Khairul Kabir Khokon is a Bangladesh Nationalist Party politician and a member of parliament for Narsingdi-1, who also currently serves as the party's Joint Secretary. He has been served as the president of Narsingdi District unit of Bangladesh Nationalist Party for a long time.

==Career==
Khokon was elected to Parliament in 2005 in a by-election from Narsingdi-1 as a candidate of the Bangladesh Nationalist Party. The seat fell vacant following the death of incumbent Member of Parliament Shamsuddin Ahmed Ishaq. He defeated independent candidate Shahadat Hossain Munna. The election was boycotted by the main opposition party, Awami League. The voting saw a low turnout and voting centers were forcefully taken over by Bangladesh Nationalist Party activists who chased away the polling agents of other candidates. His supporters attacked and burned the houses of his political opponents after his victory. He received a plot from the government of Bangladesh.

In March 2007, Giausuddin Al Mamun confessed to police that he and Khokon were involved in extortion of a businessman. Mamun retracted the confession in 2009 which he alleged was taken through torture.

In July 2008, Khokon attended a press conference demanding the release of former Prime Minister and chairperson of Bangladesh Nationalist Party, Khaleda Zia, who had been detained in the Zia Charitable Trust corruption case.

Khokon was sued in the murder case of Narsingdi Mayor Lokman Hossain in November 2011 but was cleared by the courts. The police also charged him with arson and vandalism. He was then president of Narsingdi District unit of Bangladesh Nationalist Party. On 14 November, he was released from jail on bail. In December, the Parliamentary Standing Committee on the Home Ministry, criticised the police for charging Khokon with burning a train in Narsingdi and asked the police to arrest the real culprit. Abdus Salam, chairman of the committee, and Mujib-ul-Haque Chunnu, member of committee described the case as "baseless".

Khokon received bail on 6 January on a vandalism case from 18 December 2018. On 25 April 2012, Khokon's residence was surrounded by police to prevent him from participating in Bangladesh Nationalist Party protests. On 4 June, he was arrested by Detective Branch when he was leaving Dhaka Central Jail after receiving bail.

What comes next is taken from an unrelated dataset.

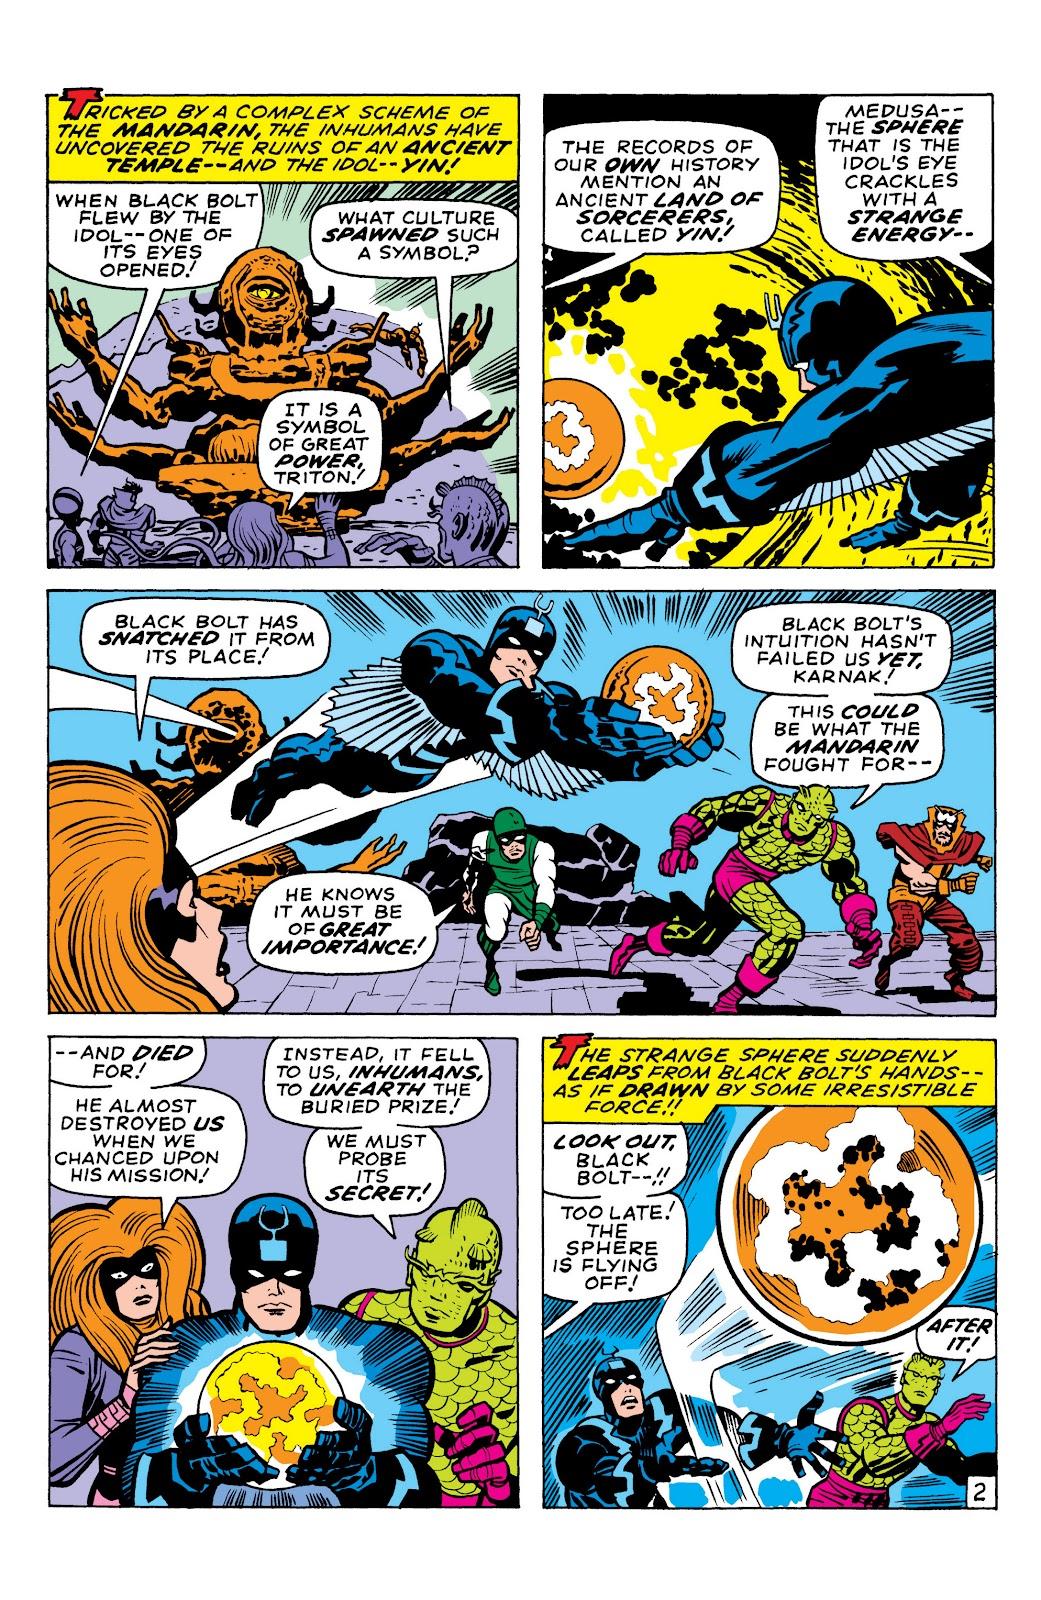 Read online Marvel Masterworks: The Inhumans comic -  Issue # TPB 1 (Part 2) - 4

On 22 March 2016, Khokon was sued in an arson case along with 32 other Bangladesh Nationalist Party leaders.

In May 2017, Khokon was sent to jail in 10 arson cases from 2016 when the Bangladesh Nationalist Party was waging an anti-government movement. On 4 June 2017, he received bail in seven cases from 2007 to 2015. On 13 June, Bangladesh Supreme Court Justice Hasan Foez Siddique upheld his bail in five cases. On 18 June, the High Court Division ordered the government to let Khokon travel abroad for Hajj. On 10 October he was charged with assaulting police officers in a protest against filing cases against Khaleda Zia.

Khokon is the Senior Joint Secretary of the Bangladesh Nationalist Party. He was nominated by Bangladesh Nationalist Party to contest the 2018 Bangladesh General Election.

On 28 November 2019, Khokon received bail in a case over vandalism and assaulting police officers near the High Court along with Hafizuddin Ahmed.

On 15 September 2022, charges were framed against Khokon in the assault case from October 2017.